▶ [Task brief]
Retype the data that follows line by line, exactly, and leave its pictures out.

▶ [Data provided]
--- START ---

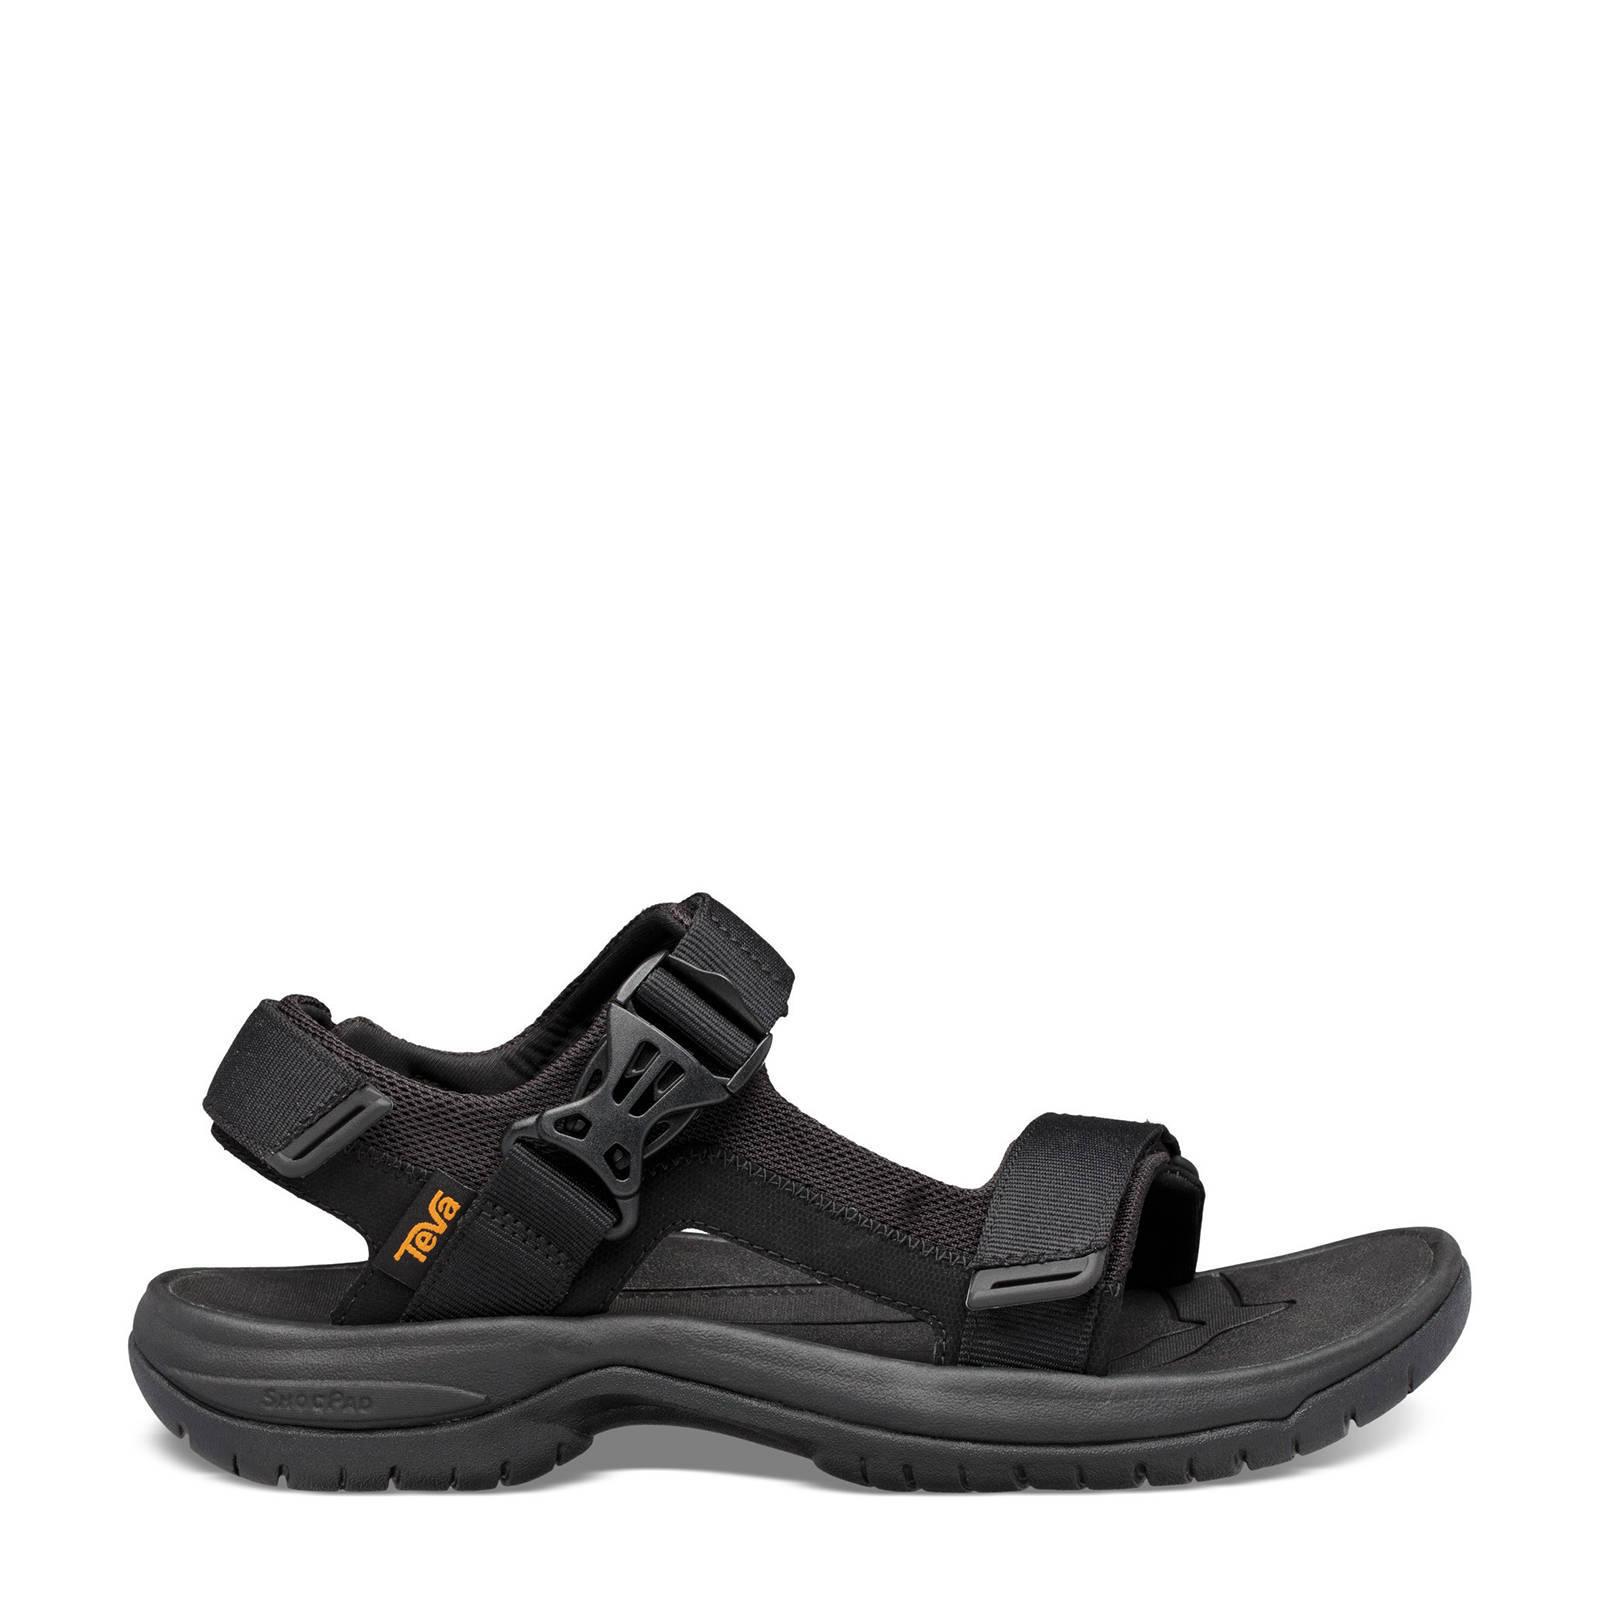 Teva Tanway Leather outdoor sandalen zwart online kopen
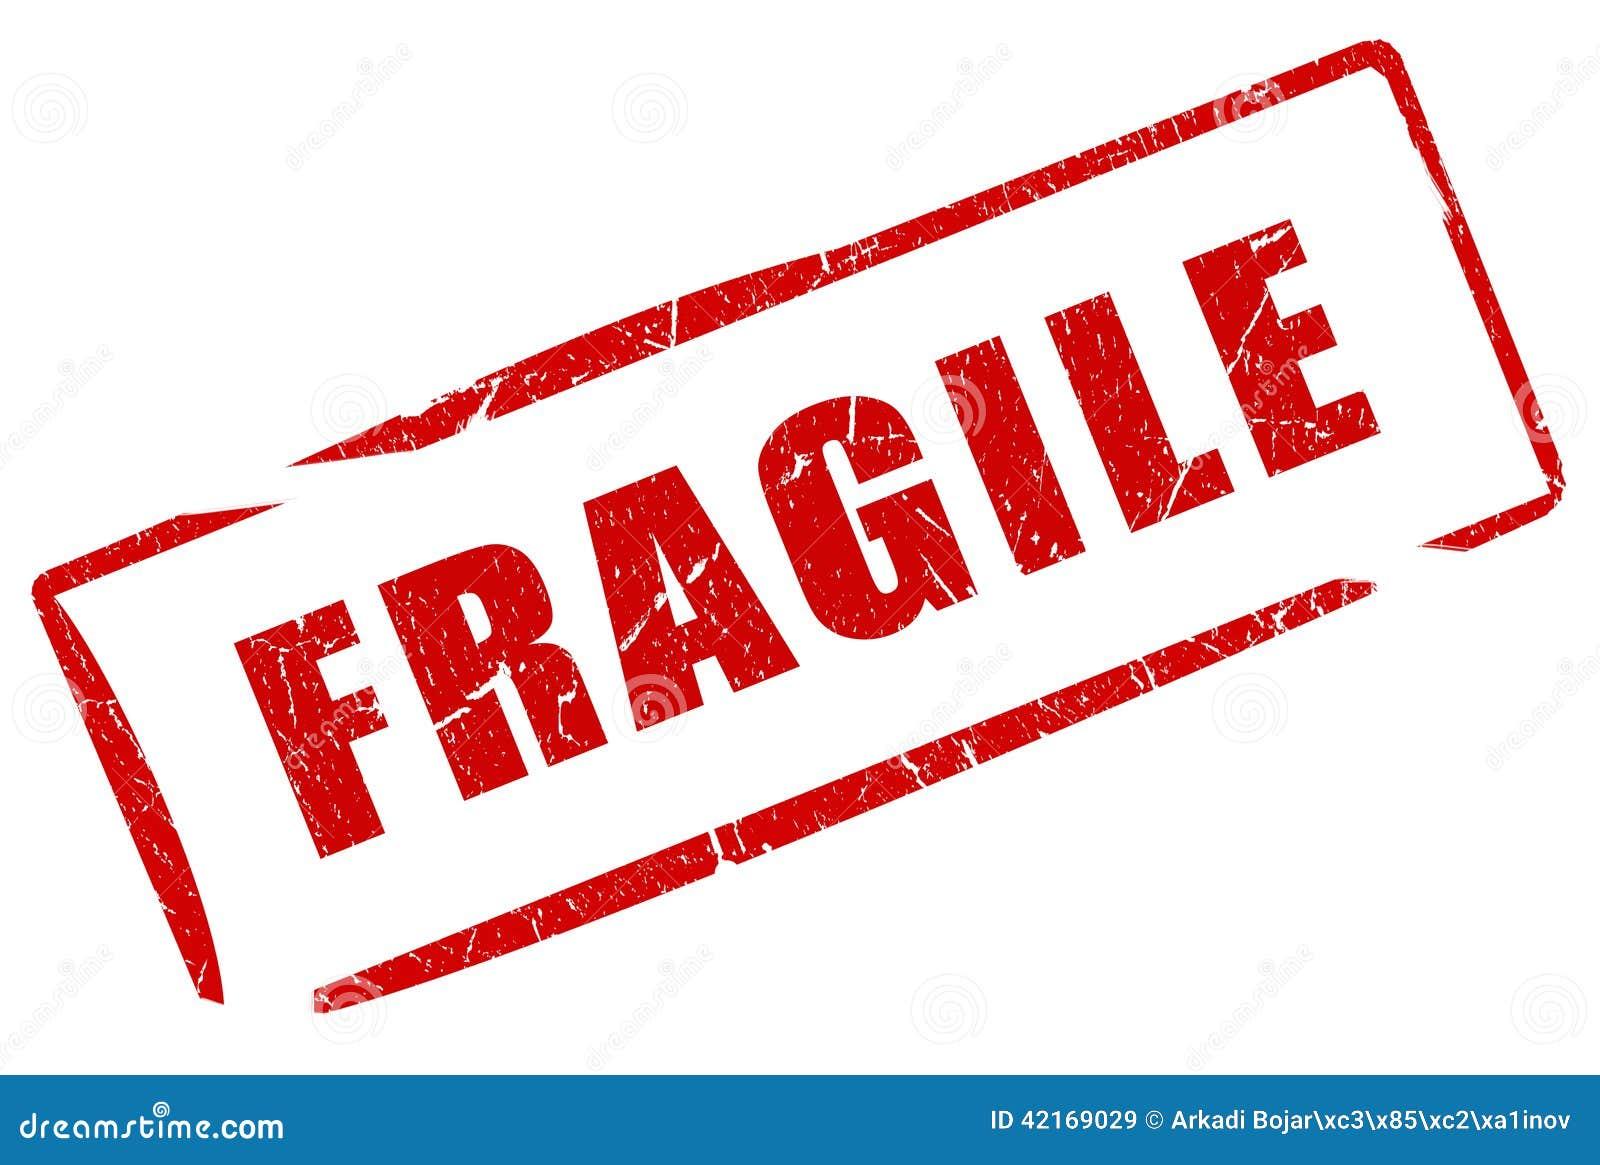 Fragile Stamp Stock Illustration - Image: 42169029
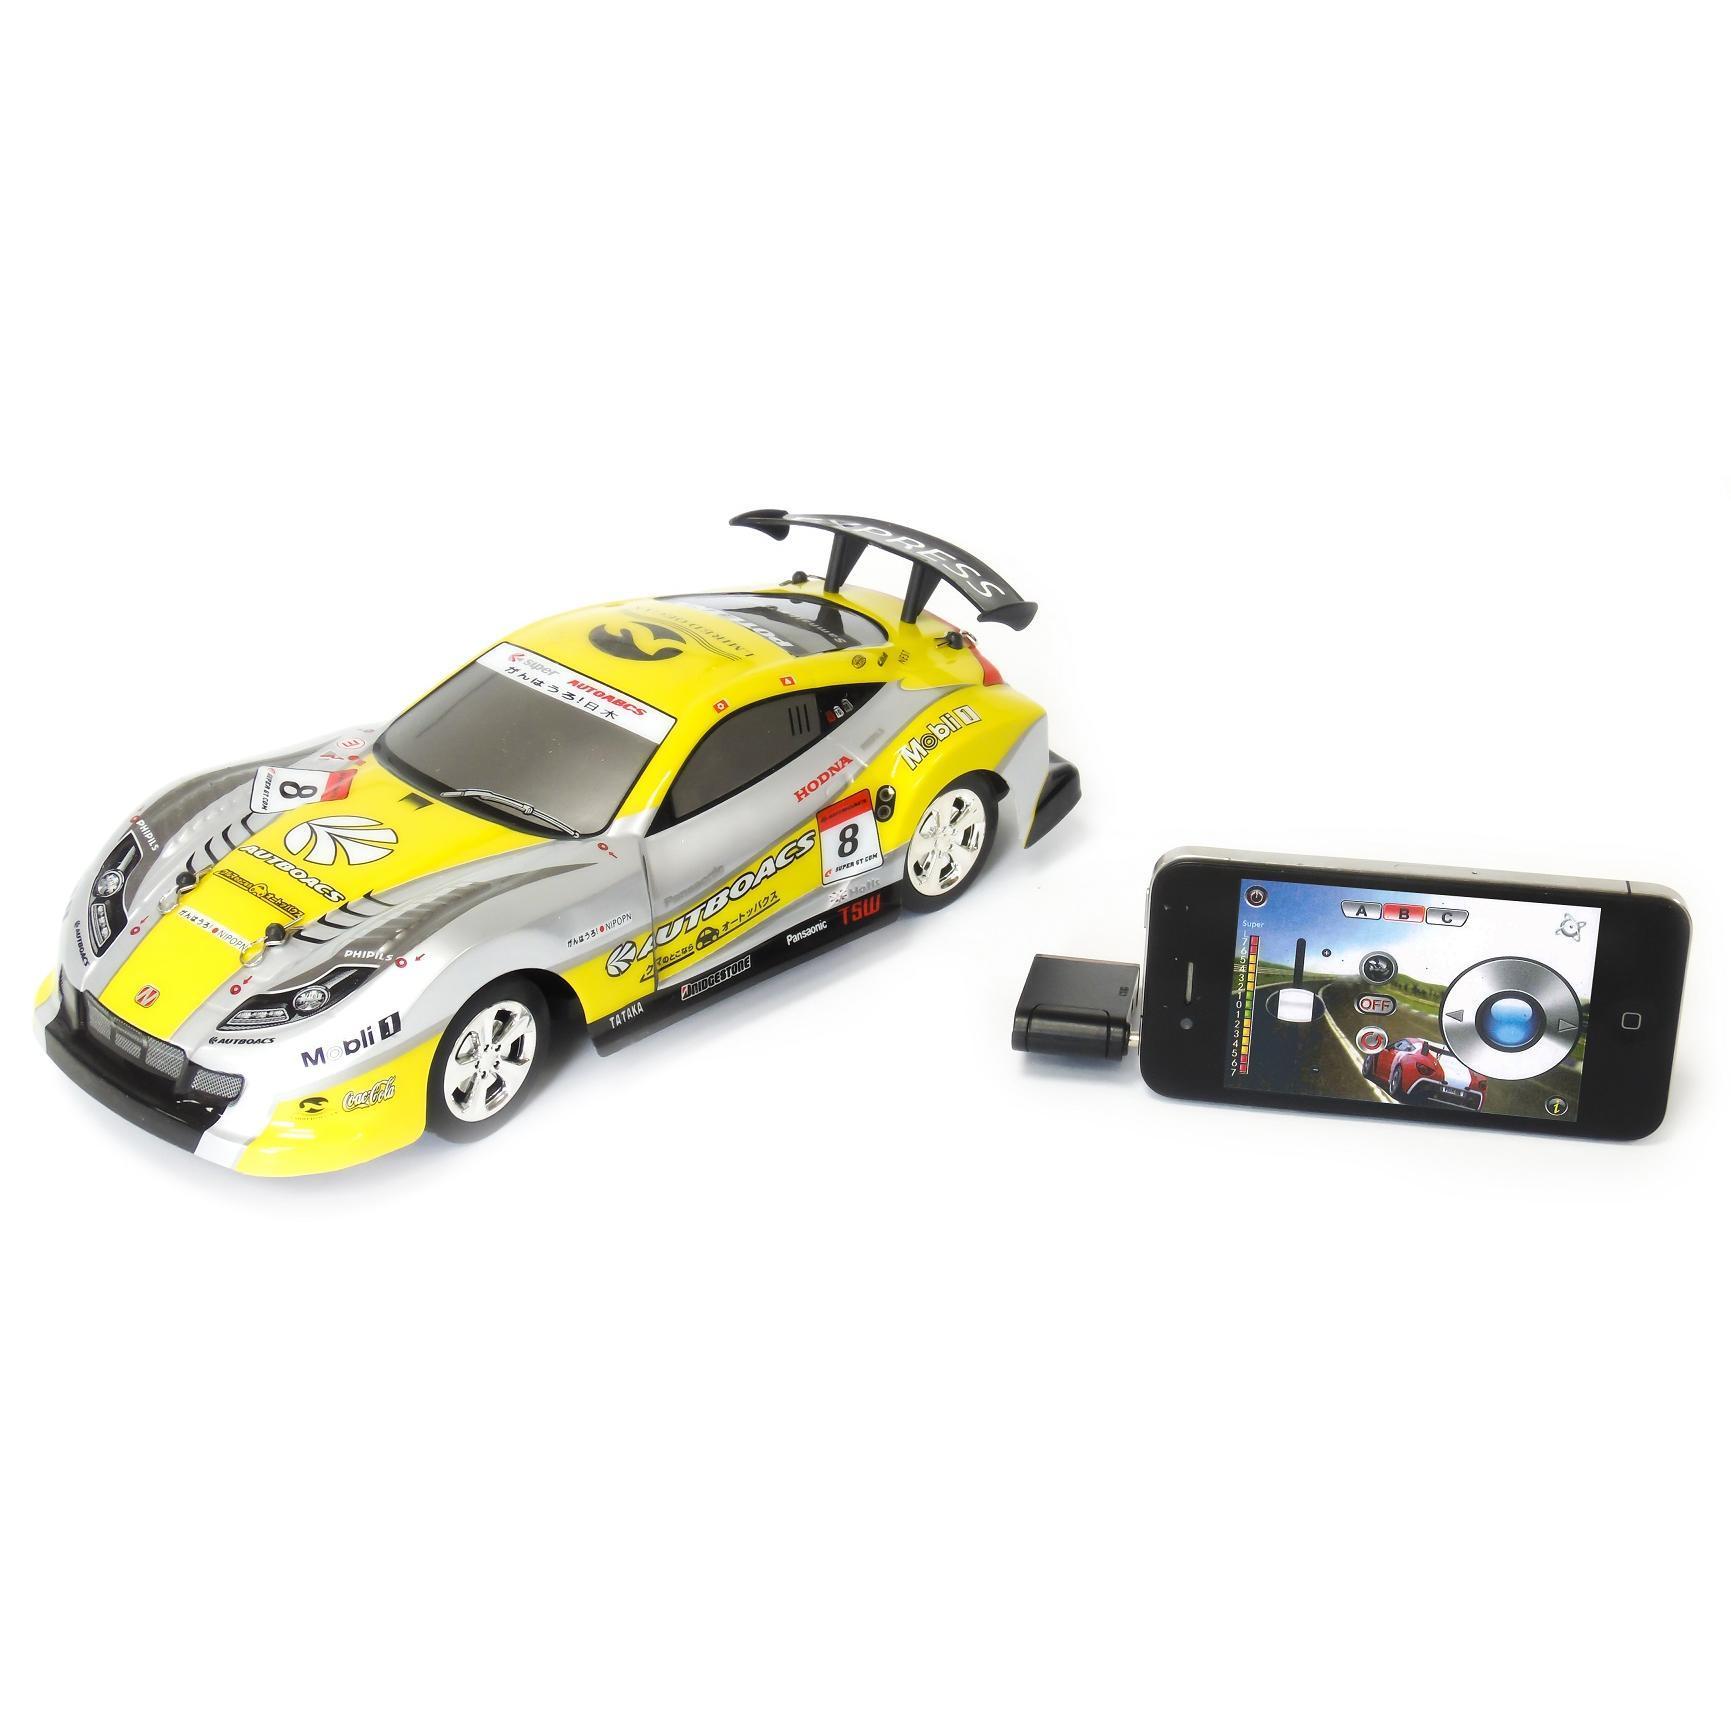 Voiture Jaune télécommandée pour appareils Apple et Android - M-Racer

--- END ---

▶ [Output for this exercise]
 Teva Tanway Leather outdoor sandalen zwart online kopen
 Fragile Stamp Stock Illustration - Image: 42169029
 Voiture Jaune télécommandée pour appareils Apple et Android - M-Racer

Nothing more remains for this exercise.